How do I use JindoSDK with Apache Flink to process data stored in OSS-HDFS? - Object Storage Service

You cannot use open source Apache Flink to write data to OSS-HDFS in streaming mode or to write data to storage media by using exactly-once semantics. If you want to write data to OSS-HDFS in streaming mode by using exactly-once semantics in Apache Flink, you must use JindoSDK together with Apache Flink.

Note

If you do not want to deploy JindoSDK before you write data to OSS-HDFS in streaming mode by using Apache Flink, you can use Realtime Compute for Apache Flink to write data to OSS-HDFS. For more information, see Use Realtime Compute for Apache Flink to read data from or write data to OSS or OSS-HDFS.

Prerequisites

An Elastic Compute Service (ECS) instance is created. For more information, see Create an instance.
OSS-HDFS is enabled for a bucket and access permissions on OSS-HDFS are granted. For more information, see Enable OSS-HDFS and grant access permissions.
Apache Flink 1.10.1 or later is downloaded and installed. The availability of Flink 1.16.0 and later is not verified. For more information about the installation package and version description of Apache Flink, visit Apache Flink.

Configure JindoSDK

Log on to the ECS instance. For more information, see Connect to an instance.
Download and decompress the latest version of the JindoSDK JAR package. For more information, visit GitHub.
Move the jindo-flink-${version}-full.jar file in the plugins/flink/ directory of JindoSDK to the lib directory in the root directory where Apache Flink resides.
```
mv plugins/flink/jindo-flink-${version}-full.jar lib/
```

Important

If Apache Flink has a built-in Object Storage Service (OSS) connector, you must remove it by deleting the flink-oss-fs-hadoop-${flink-version}.jar file from the lib subdirectory or plugins/oss-fs-hadoop path.
After you configure JindoSDK, you can write data to OSS-HDFS in streaming mode by using Flink jobs. You must use the oss:// prefix to write data to OSS-HDFS or OSS. JindoSDK automatically recognizes the written data.

Examples

Configure general settings.
To write data to OSS-HDFS by using exactly-once semantics, perform the following operations:
1. Enable the checkpoint mechanism of Apache Flink.
  Sample code:
  1. Run the following command to create a StreamExecutionEnvironment class:
```
StreamExecutionEnvironment env = StreamExecutionEnvironment.getExecutionEnvironment();
```
  2. Run the following command to enable the checkpoint mechanism:
```
env.enableCheckpointing(<userDefinedCheckpointInterval>, CheckpointingMode.EXACTLY_ONCE);
```
2. Use a data source that supports data retransmission, such as Kafka.
Configure quick settings to use Apache Flink.
You can include a path that starts with oss://, and use buckets and endpoints in OSS-HDFS to enable Apache Flink. This method does not require additional dependencies.
1. Add a sink.
  The following sample code provides an example on how to write the DataStream<String> object to OSS-HDFS by using OutputStream:
```
String outputPath = "oss://<user-defined-oss-hdfs-bucket.oss-hdfs-endpoint>/<user-defined-dir>"
StreamingFileSink<String> sink = StreamingFileSink.forRowFormat(
        new Path(outputPath),
        new SimpleStringEncoder<String>("UTF-8")
).build();
outputStream.addSink(sink);
```
  Important
  In the preceding example, the field that includes .<oss-hdfs-endpoint> is optional. If you want to ignore this field, make sure that you specify the correct endpoint of OSS-HDFS in the Flink component or Hadoop component.
2. Use env.execute() to execute Flink jobs.

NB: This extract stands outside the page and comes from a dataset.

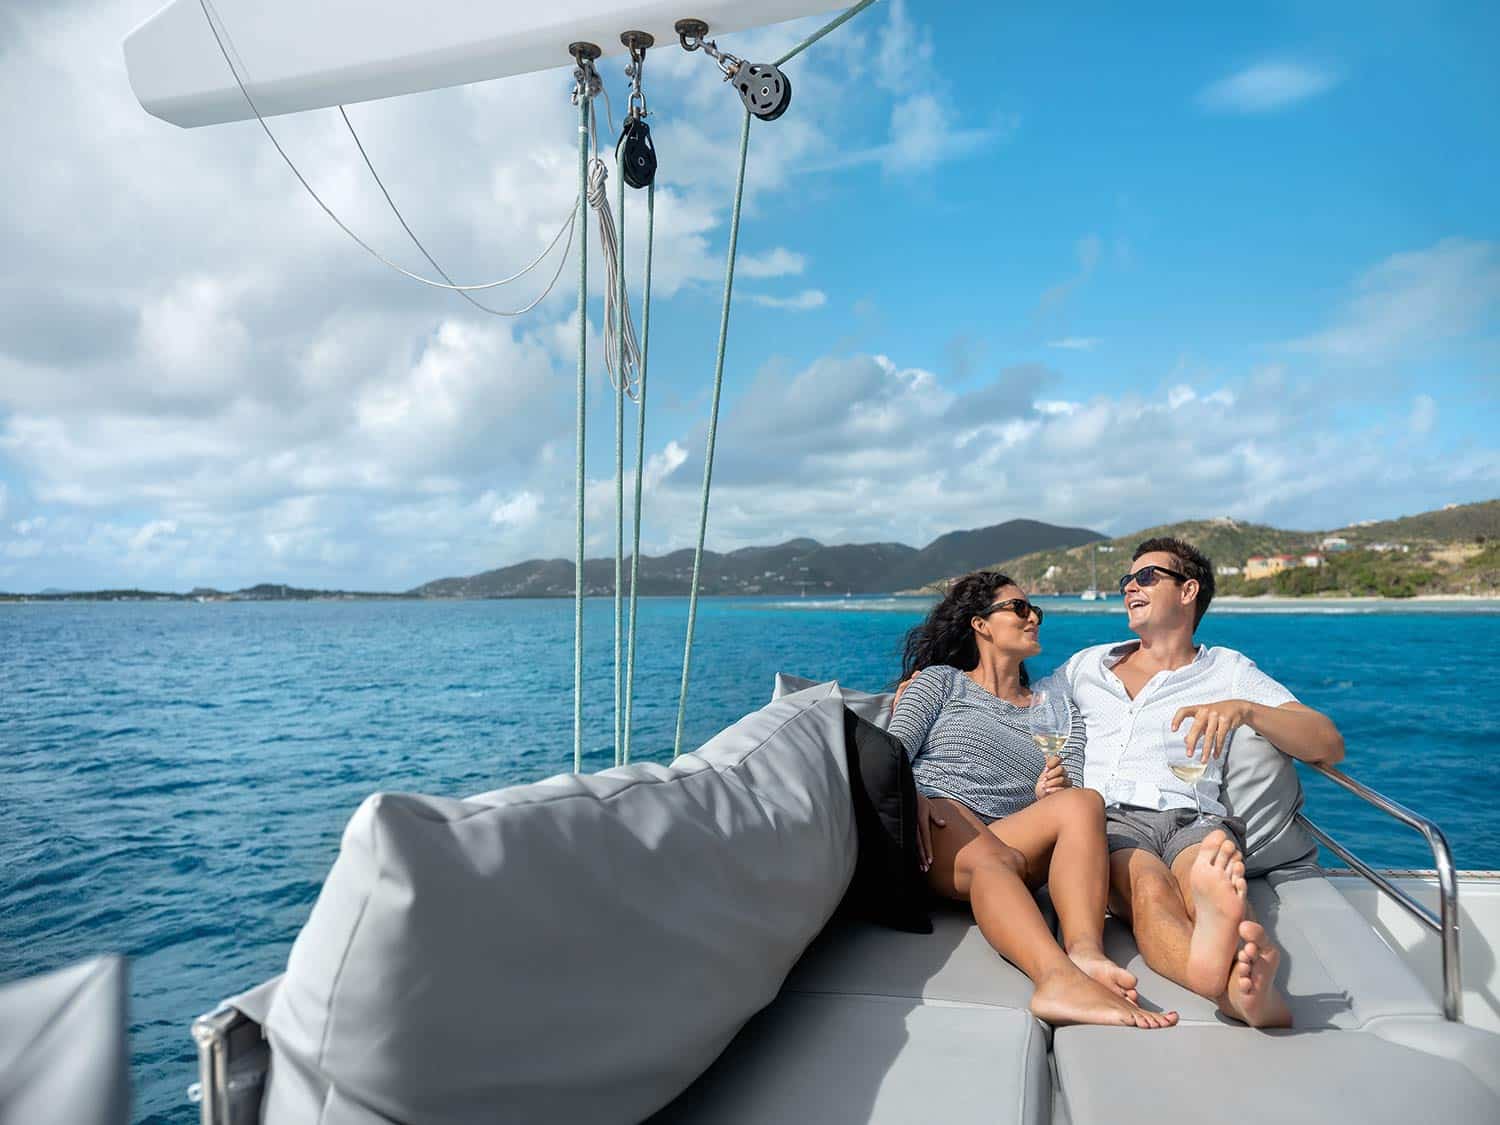 A man and woman lounge on the seats of a catamaran at sea.

(Optional) Configure custom settings

When you submit Flink jobs, you can configure custom parameters to enable or manage specific features.

The following sample code provides an example on how to use -yD to configure settings for Flink job submissions based on Yarn clusters.

<flink_home>/bin/flink run -m yarn-cluster -yD key1=value1 -yD key2=value2 ...

You can enable entropy injection. The entropy injection feature allows you to replace a specific string of the destination path with a random string. This way, written data is distributed to different partitions based on the specified paths to improve write performance.

To write data to OSS-HDFS, you must complete the following configurations:

oss.entropy.key=<user-defined-key>
oss.entropy.length=<user-defined-length>

When you write data to an object, the <user-defined-key> string in the write path is replaced by a random string. The length of the random string must be the same as the value of <user-defined-length>. The value of <user-defined-length> must be greater than 0.